=== Section Start ===

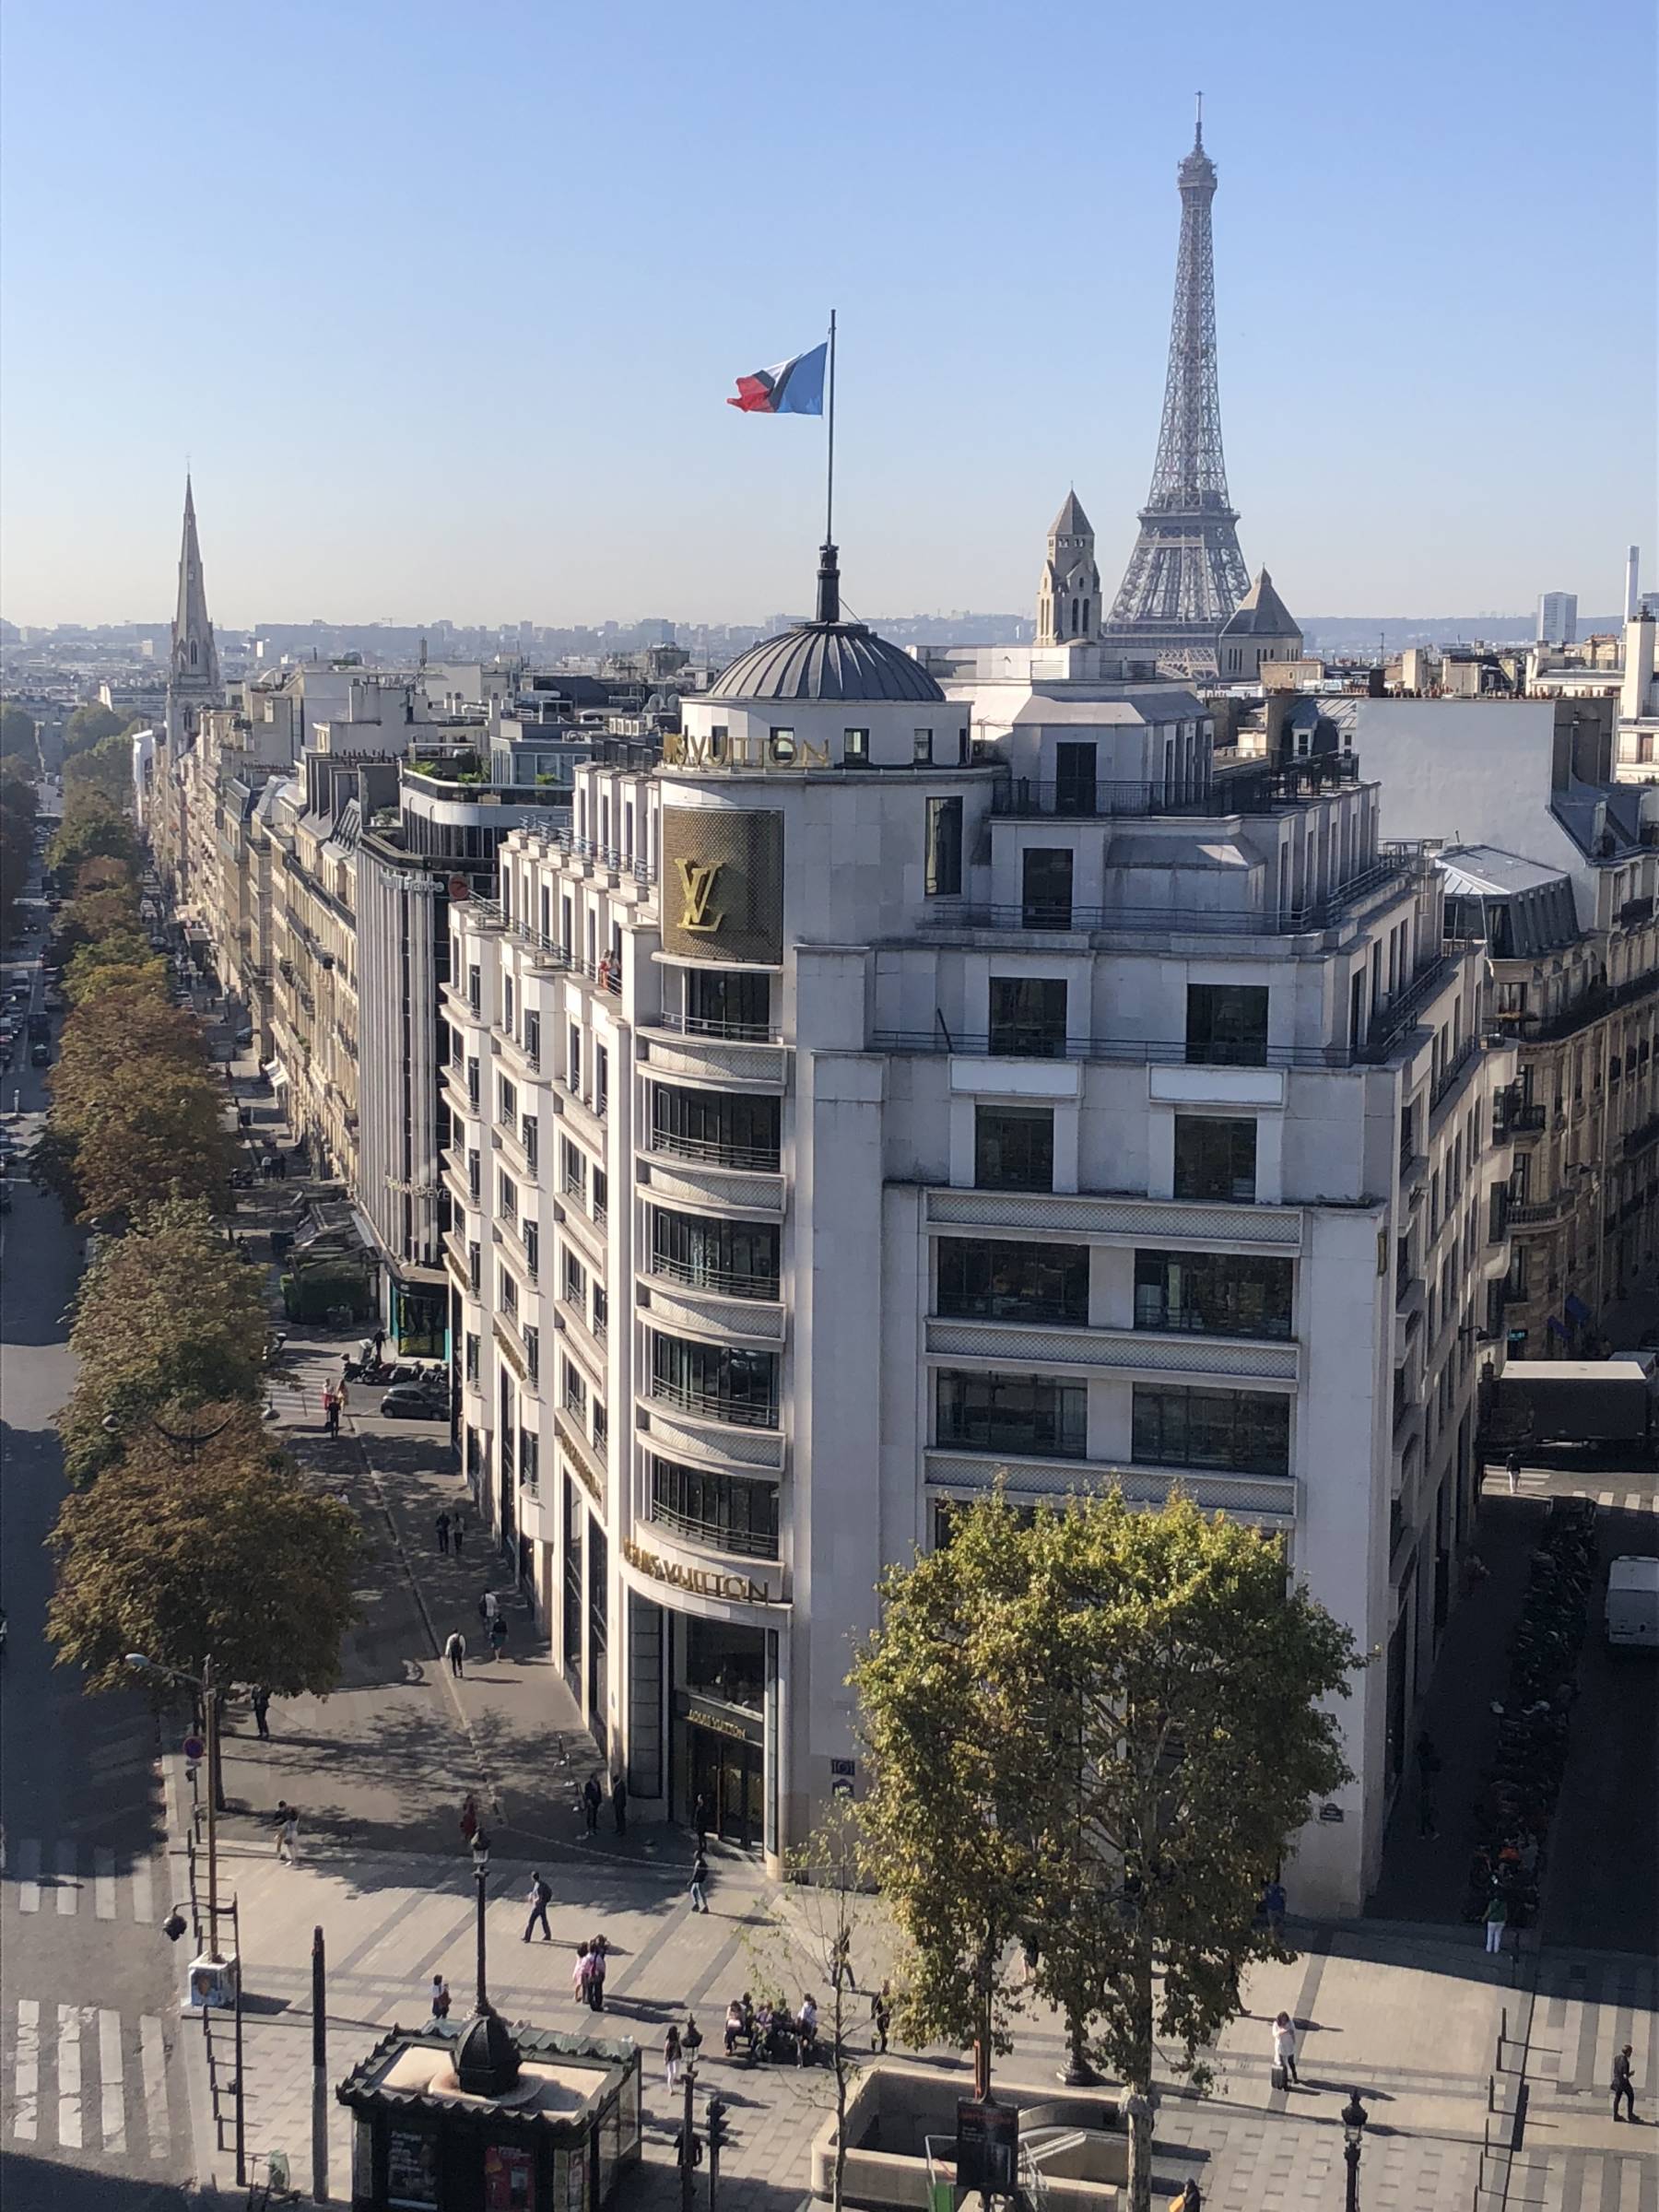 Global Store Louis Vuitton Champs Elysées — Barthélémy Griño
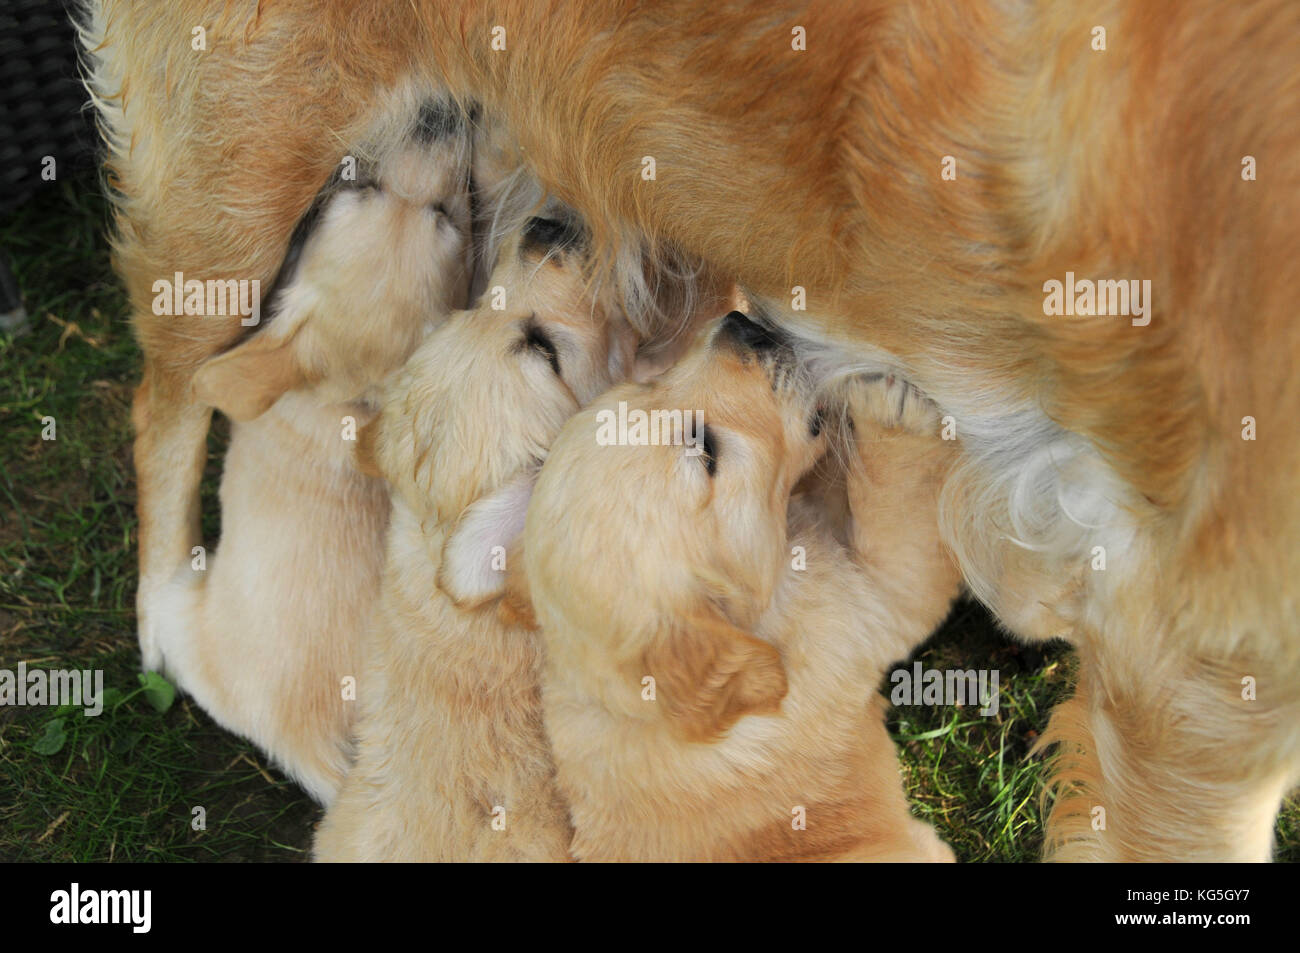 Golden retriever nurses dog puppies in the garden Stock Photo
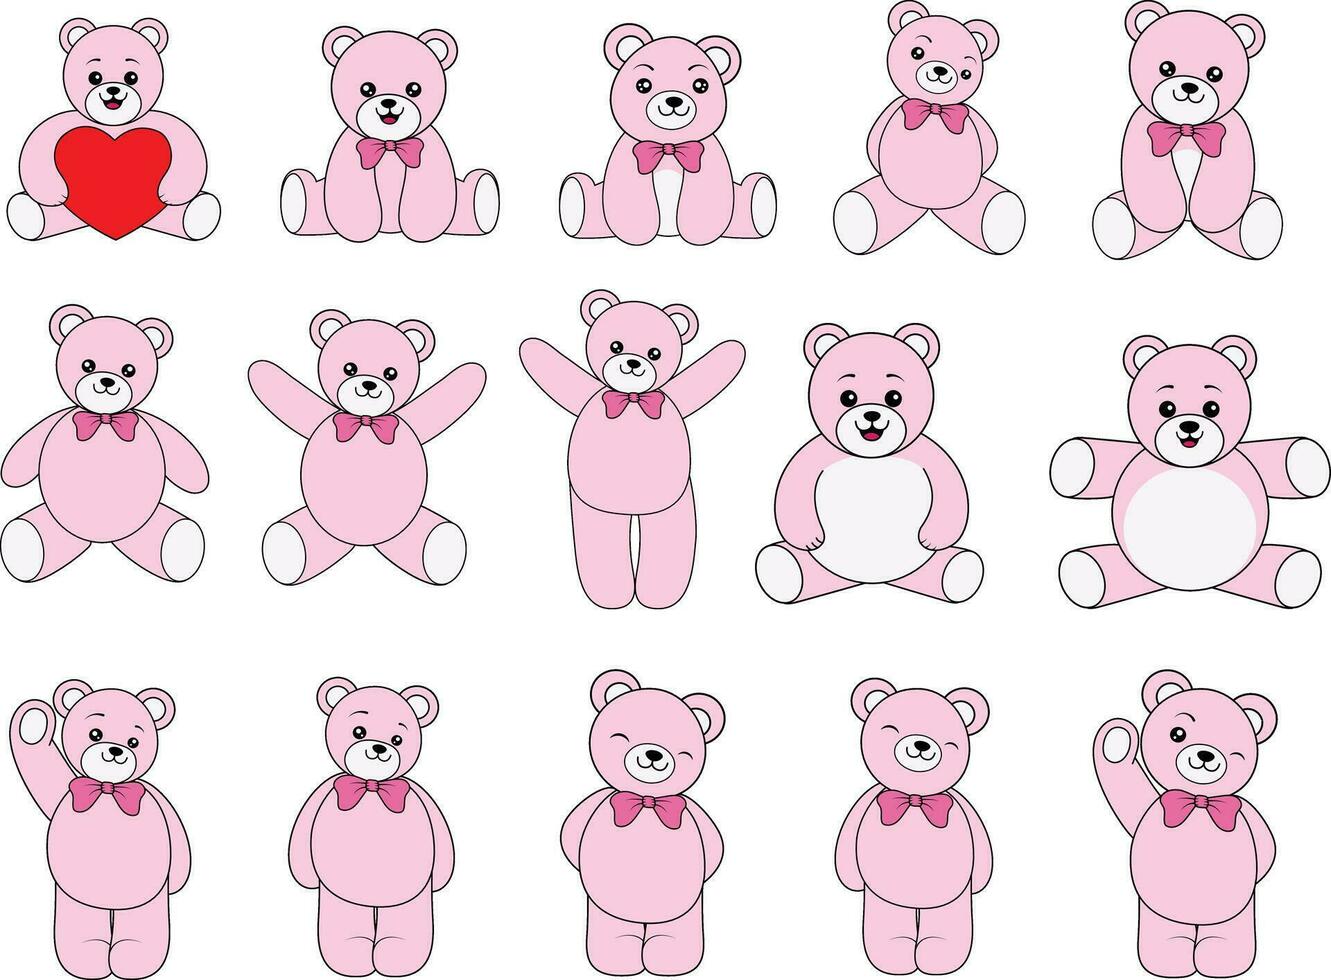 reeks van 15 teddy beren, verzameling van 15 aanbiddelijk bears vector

=== Section End ===

- [EXERCISE PROMPT] In the copy, no pictures are to appear; write out exactly the lines from the one containing "Golden retriever nurses" through the end of the listing above and no further lines.

- [EXERCISE RESULT]
 Golden retriever nurses dog puppies in the garden Stock Photo
 reeks van 15 teddy beren, verzameling van 15 aanbiddelijk bears vector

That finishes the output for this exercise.